Perhaps the most important public health problem of today is the rapid development and proliferation of antibiotic resistant bacteria. The 60 or so short years of widespread use of antibiotics has witnessed enormous changes in the bacteria that commonly infect human beings. Indiscriminate use of these relatively easily produced compounds has led to crises in many areas. In many countries, antibiotics are widely available over the counter with “black market” production and distribution common. Use in animal husbandry as “growth promoters” has reached massive levels as consumers demand inexpensive meat.

In North America, antibiotics are very freely prescribed and consumed. In contrast, the Scandinavian countries have long been watchful of their antibiotic prescribing habits and can now boast some of the lowest levels of resistance in the world.

There are many mechanisms by which bacteria are able to evade the effects of antibiotics. These are the predominant ones:

Inactivate the antibiotic

The best examples are beta-lactamases produced by many kinds of bacteria. These enzymes open the beta-lactam ring of penicillins and cephalosporins.

Many different types of beta-lactamases have been described with different affinities for different antibiotic compounds. This is a very important mechanism of resistance with very large clinical implications. Other examples of substances which inactivate antibiotics include aminoglycoside modifying enzymes and chloramphenicol acetyltransferase.

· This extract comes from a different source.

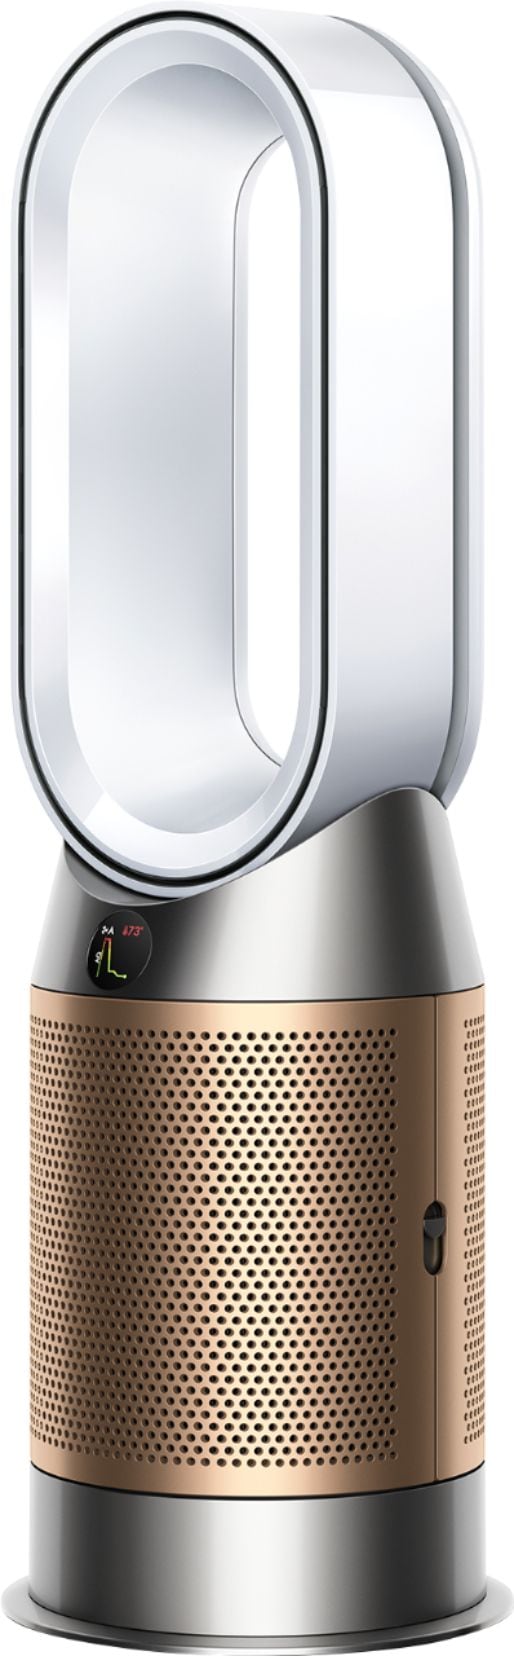 Dyson - Purifier Hot+Cool Formaldehyde - HP09 - Smart Tower Air Purifier, Heater and Fan - White/Gold_1
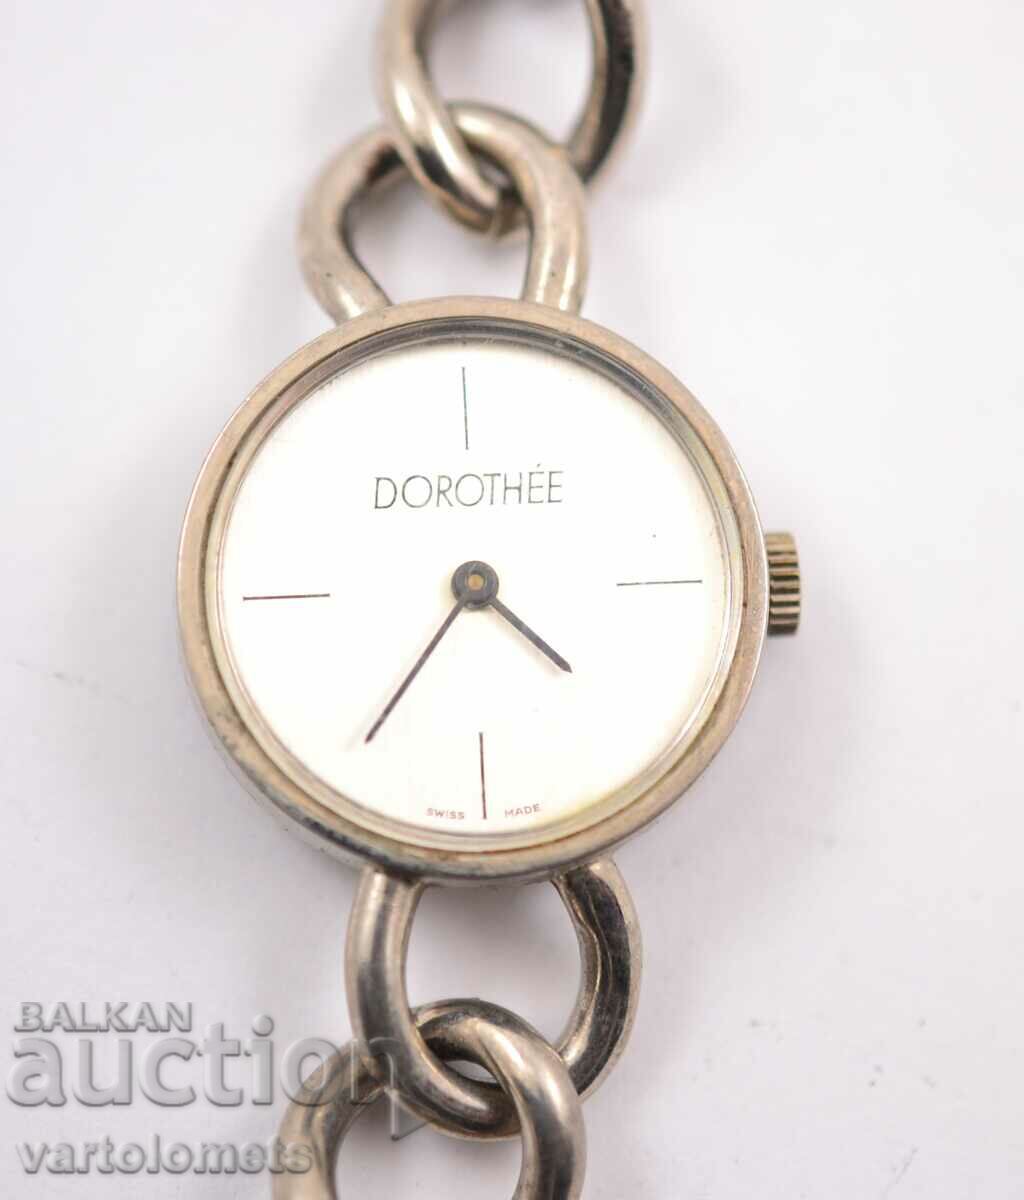 Women's watch DOROTHEE Swiss made - working

Alteration of target sites

  • Ribosomal alterations can lead to resistance to any of the agents that bind ribosomes most notably tetracyclines and macrolides.
  • Changes in Penicillin Binding Proteins is an important means by which some organisms evade the effects of penicillins and cephalosporins. Methicillin resistant Staphylococcus aureus (MRSA) is a serious problem in hospitals and is the primary example.
  • Modifications of folate synthesis enzymes confers resistance to trimethoprim and sulfa drugs.
  • Altered DNA Gyrases don’t bind fluoroquinolones conferring resistance.

Alterations in Membranes

Gram negative outer membranes contain porins – channels that facilitate transmembrane passage of substances in and out of the cell. Most antibiotics gain access to the inside of bacteria in this way. Alterations in porin structure and number can decrease activity of a wide variety of antibiotics.

Efflux pumps

Several types of bacteria can pump antibiotics out of themselves using energy dependant pumps. This relatively recently described mechanism is being more and more reported for more and more types of antibiotics and is gaining in clinical importance.

Spread of Resistance

Bacteria are very promiscuous!! They share genetic elements freely and willingly.

Plasmids are self-replicating, extrachromosomal circular pieces of DNA that facilitate exchange of resistance determinants. Many plasmids carry several different resistance genes making the acquisition of multiple resistances possible with one genetic event.

Bacteriophages are viruses that infect bacteria. They spread genetic material by a process known as transduction.

Transposons are DNA segments that have the ability to translocate between different areas of the chromosome or between plasmids, bacteriophage and chromosomes allowing for ready dissemination. Recently, there have been transposons described that have the ability to translocate from one bacterium to another without a plasmid or bacteriophage intermediate. These so-called “conjugative” transposons have been referred to as “jumping genes”.